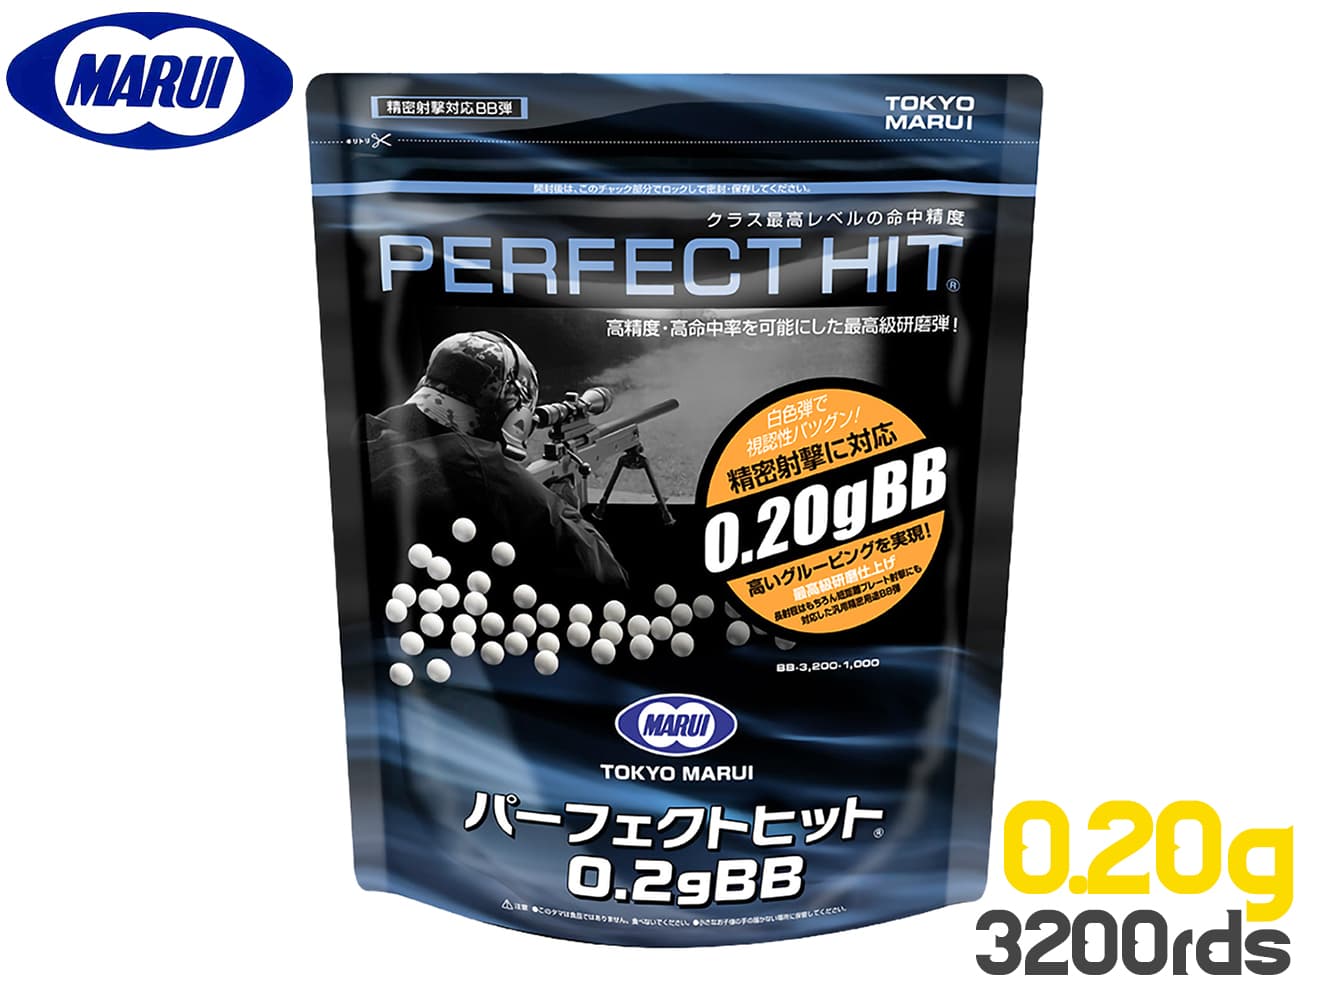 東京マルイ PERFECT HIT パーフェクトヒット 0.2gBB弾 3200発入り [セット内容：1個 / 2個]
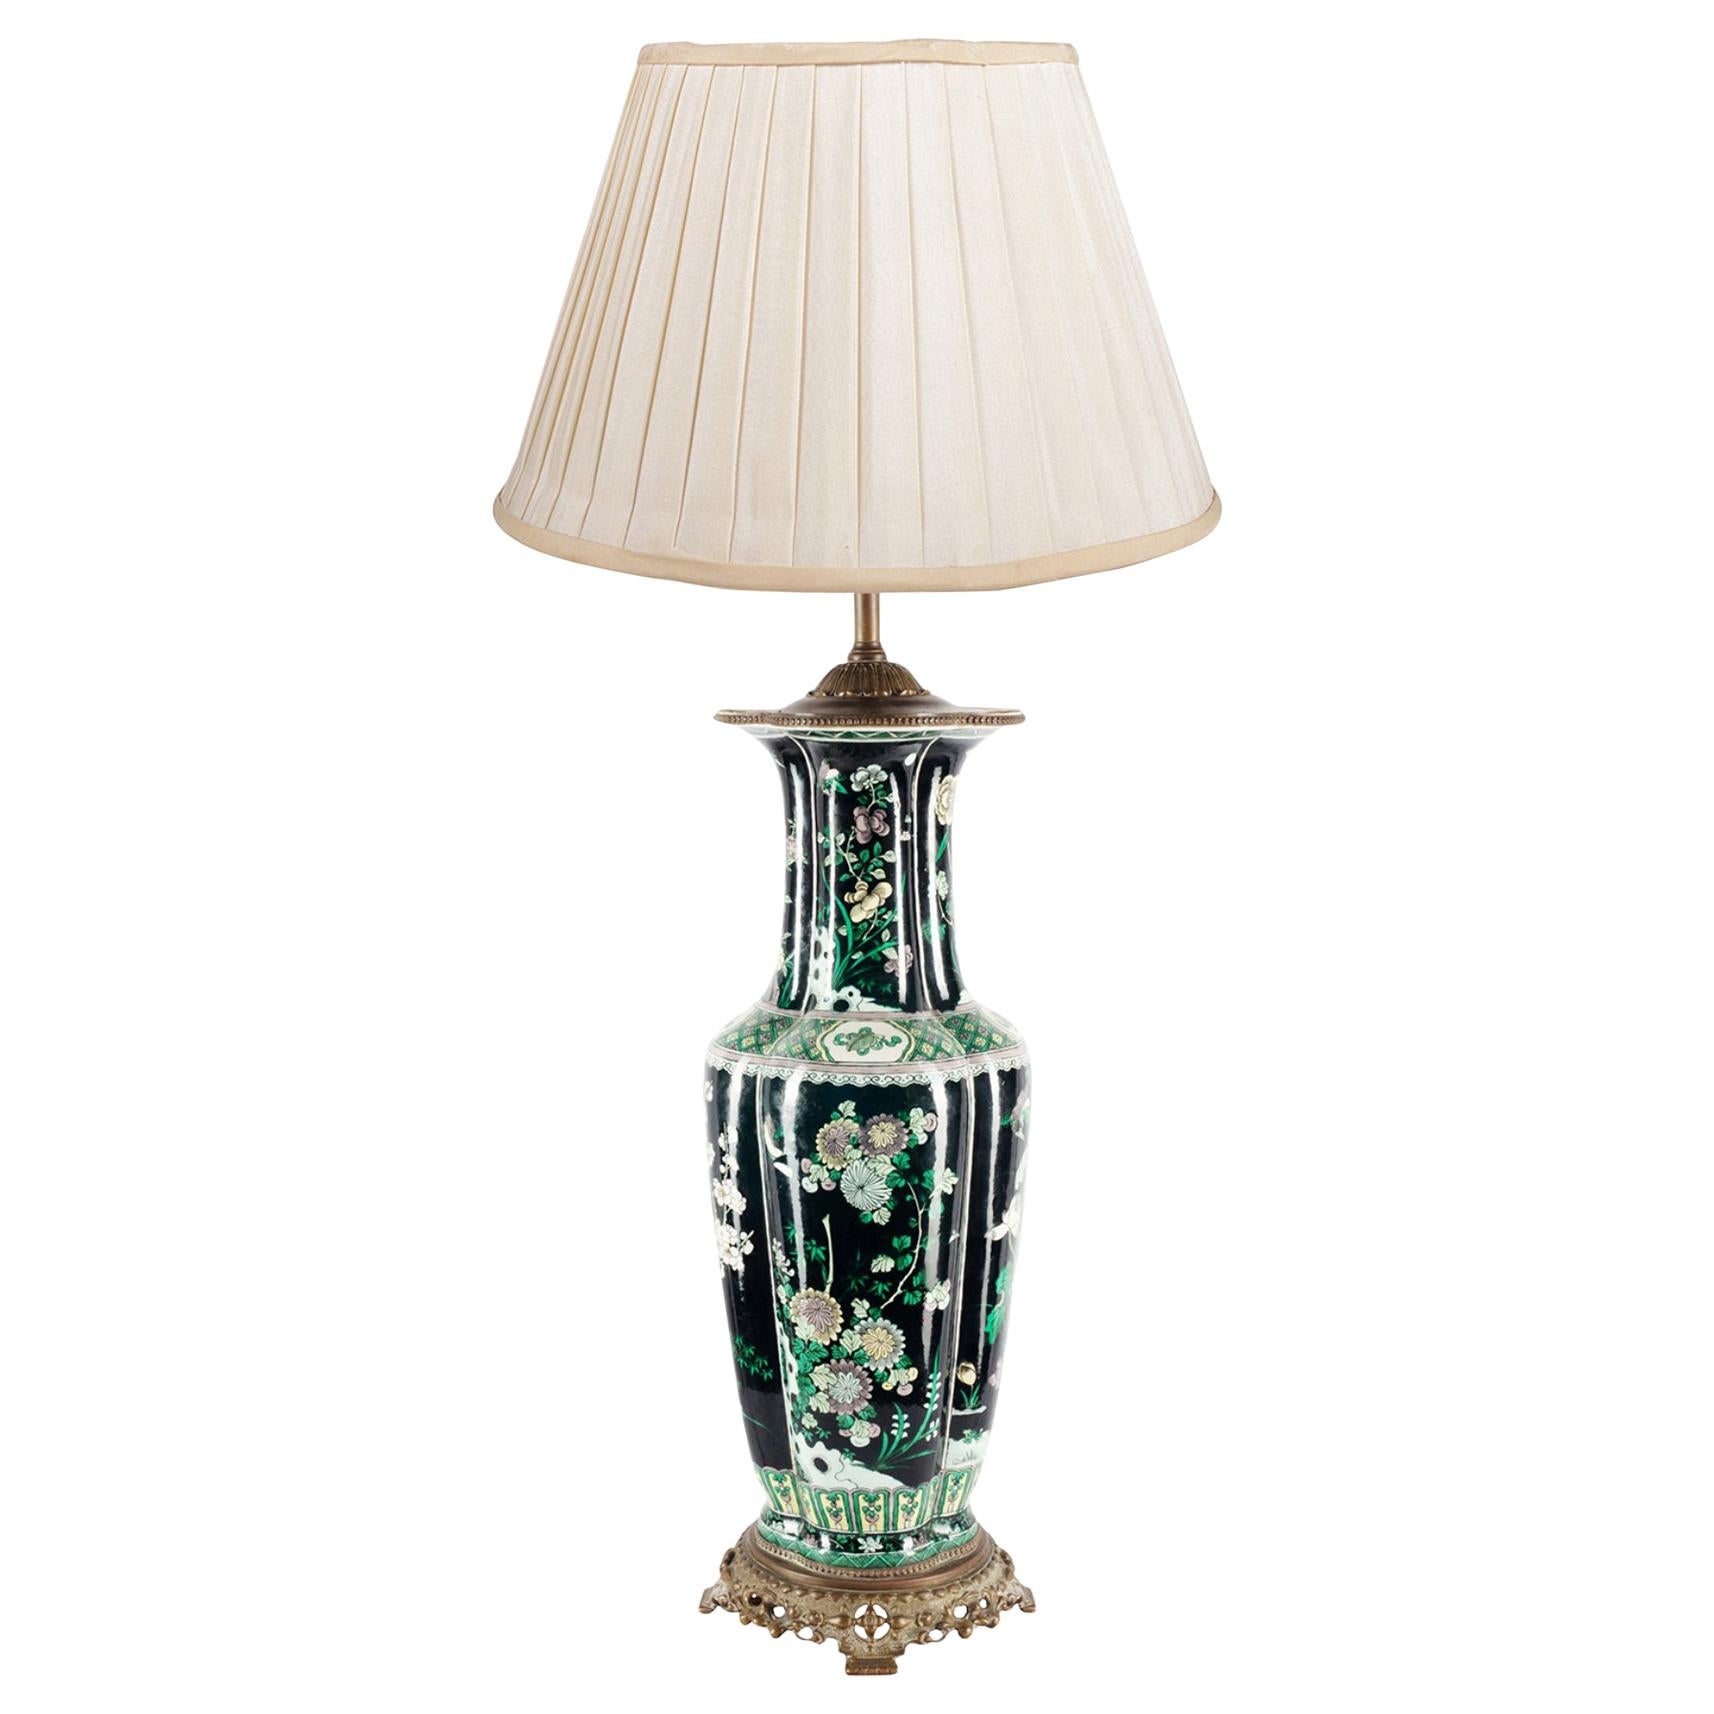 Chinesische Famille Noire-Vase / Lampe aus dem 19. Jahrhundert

...

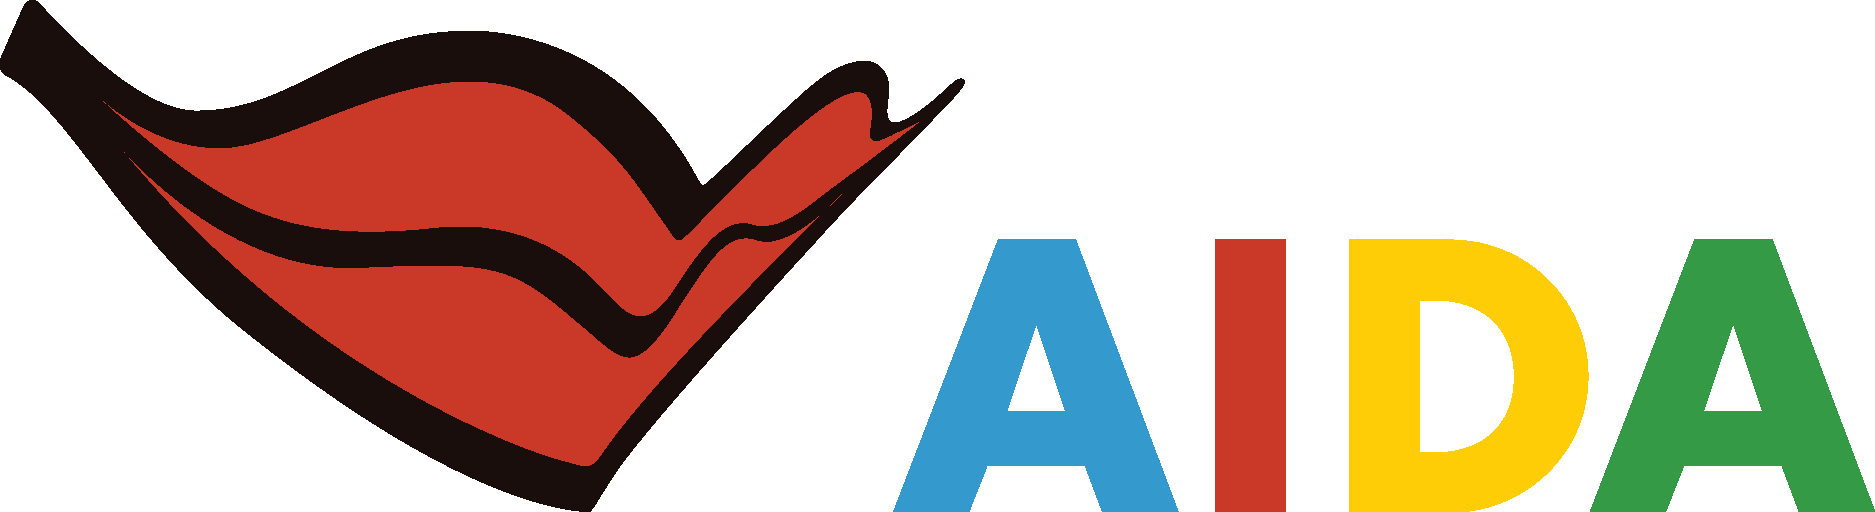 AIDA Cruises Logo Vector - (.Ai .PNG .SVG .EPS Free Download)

- _EXERCISE BRIEF_: Would you give again, exactly, the lines in the data above that run from the line containing "東京マルイ PERFECT HIT" to the line containing "Chinesische Famille Noire-Vase"? Include both ends and no pictures.

- _PROBLEM SOLUTION_:
 東京マルイ PERFECT HIT パーフェクトヒット 0.2gBB弾 3200発入り [セット内容：1個 / 2個]
 Chinesische Famille Noire-Vase / Lampe aus dem 19. Jahrhundert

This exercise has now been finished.